*** Records for the exercise

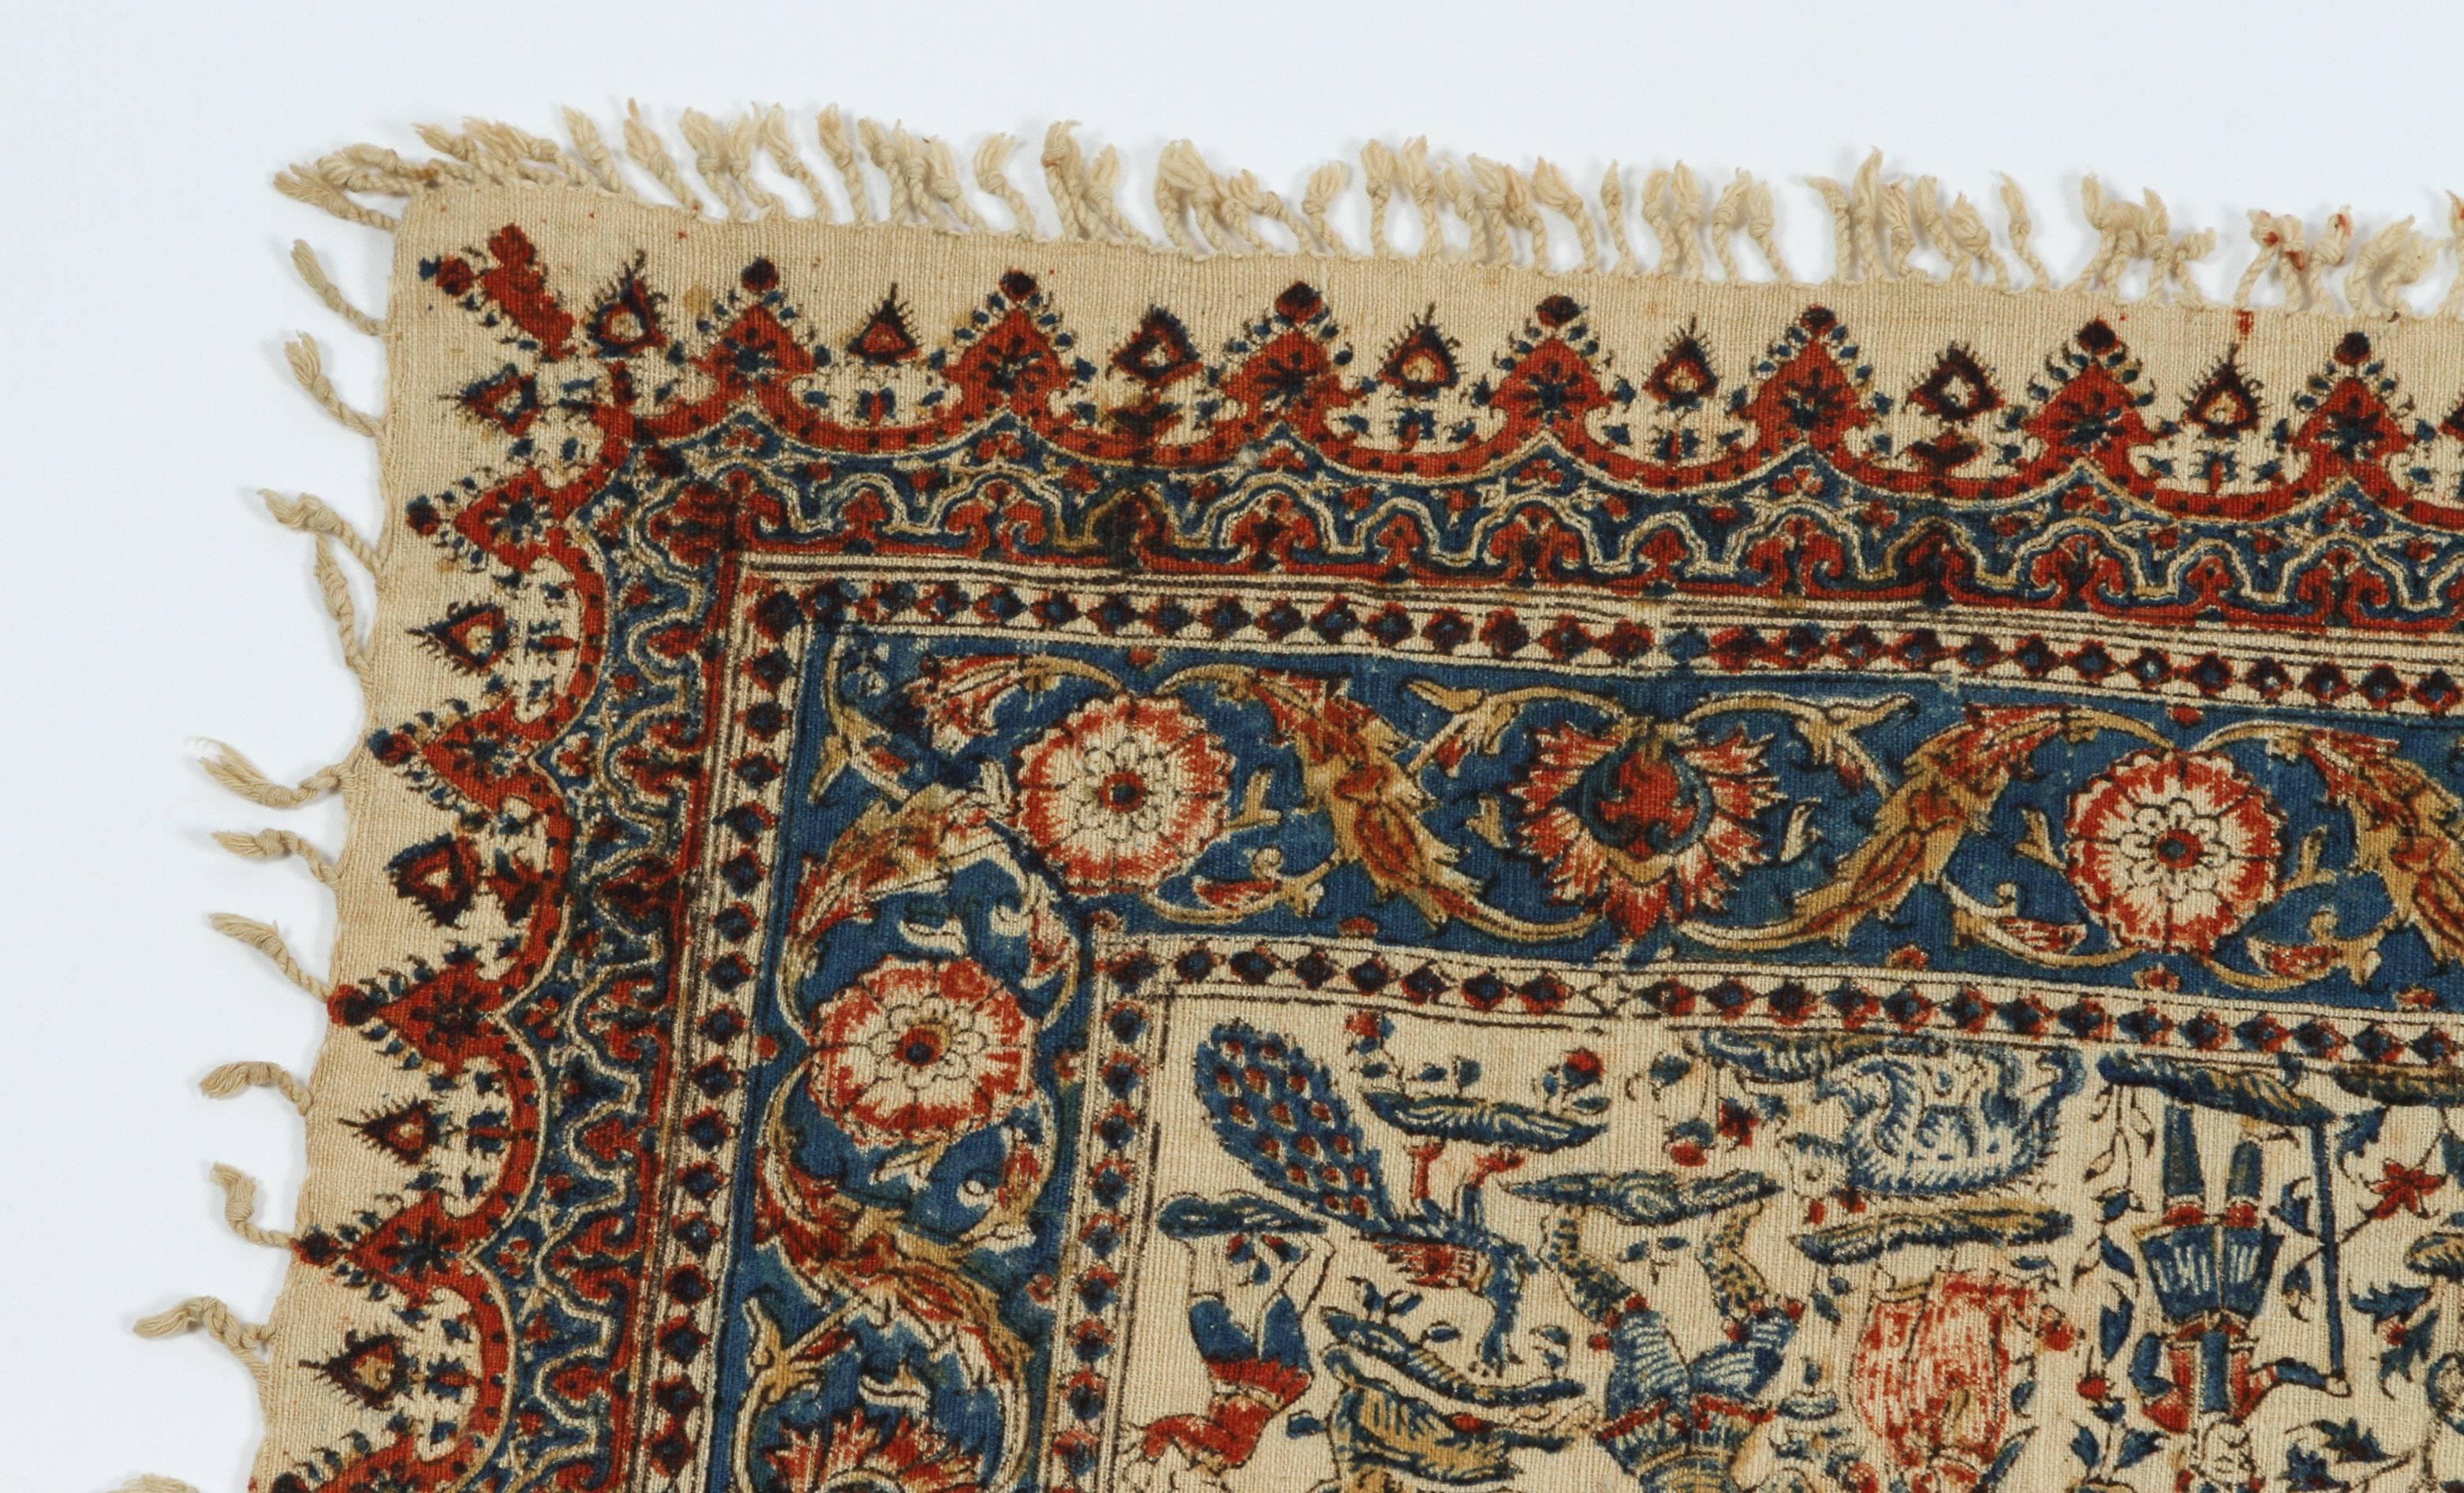 Paisley Kalamkari textile.
Hand blocked vegetable and iron oxide dyes on cotton.
The fabric is printed using patterned wooden stamps .
Made in India for the Persian market, circa 1940
Qalamkari literally “pen-workmanship,” are block-printed and
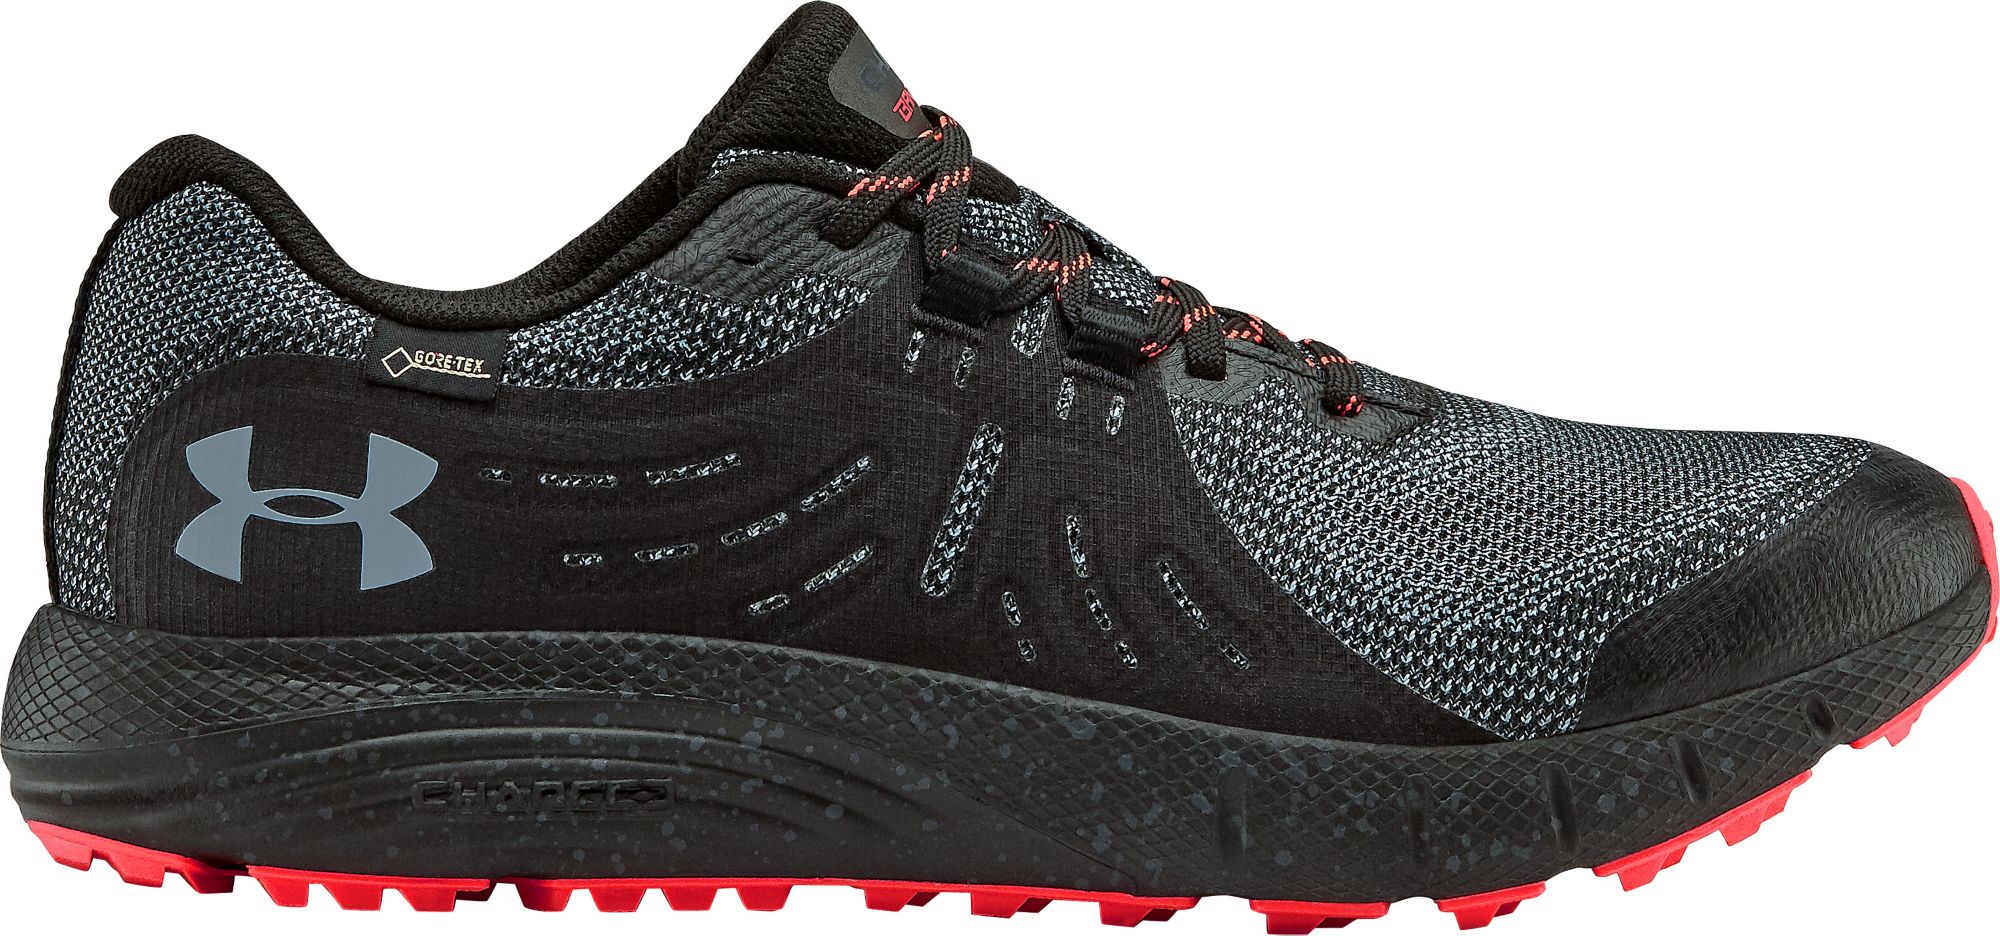 Under Armour Men's Charged Bandit Trail 
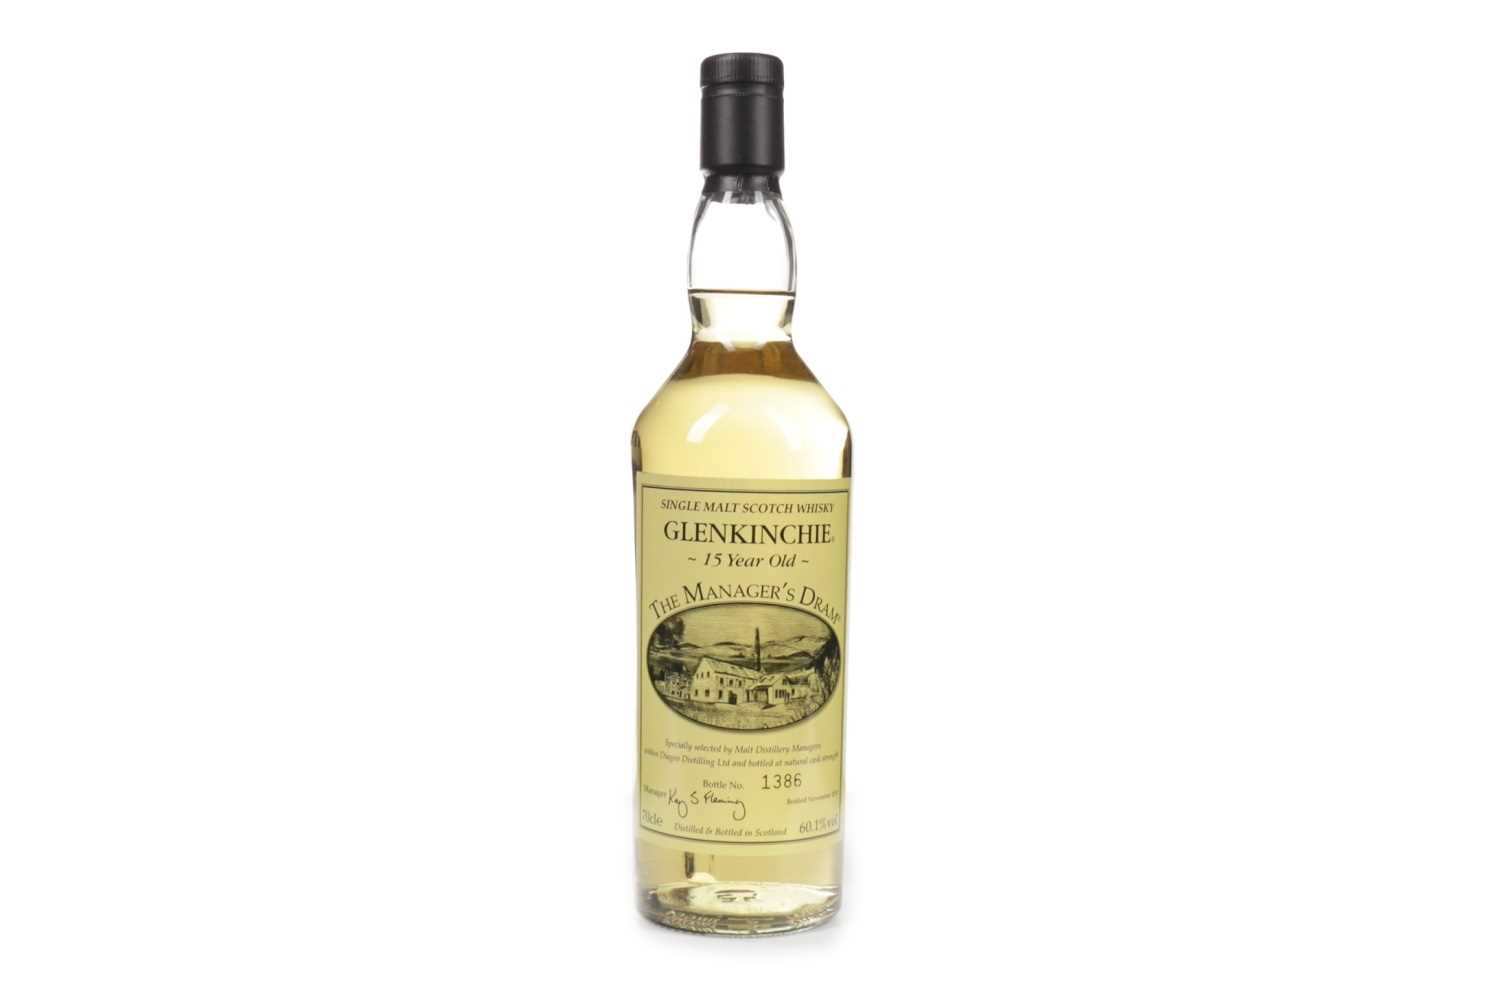 Lot 97 - GLENKINCHIE THE MANAGERS DRAM AGED 15 YEARS
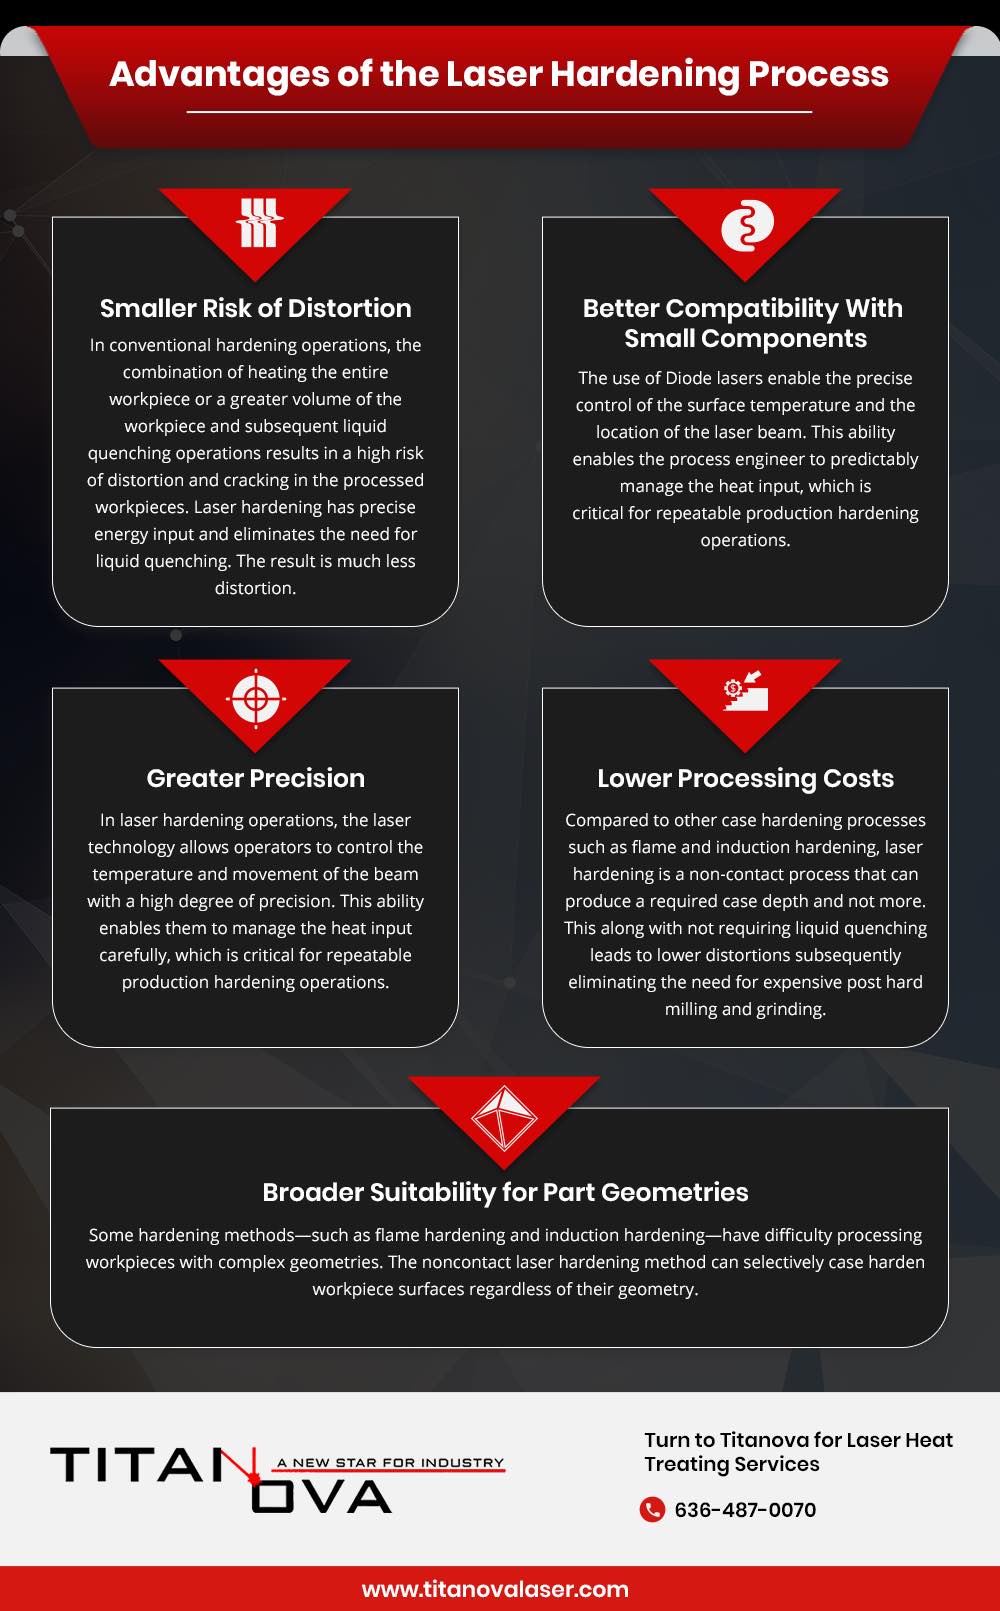 Advantages of laser hardening process infographic

******

→ What is required
Transcribe the entries above verbatim, omitting their pictures.

→ Answer section
 Paisley Kalamkari textile.
Hand blocked vegetable and iron oxide dyes on cotton.
The fabric is printed using patterned wooden stamps .
Made in India for the Persian market, circa 1940
Qalamkari literally “pen-workmanship,” are block-printed and
 Under Armour Men's Charged Bandit Trail 
 Lot 97 - GLENKINCHIE THE MANAGERS DRAM AGED 15 YEARS
 Advantages of laser hardening process infographic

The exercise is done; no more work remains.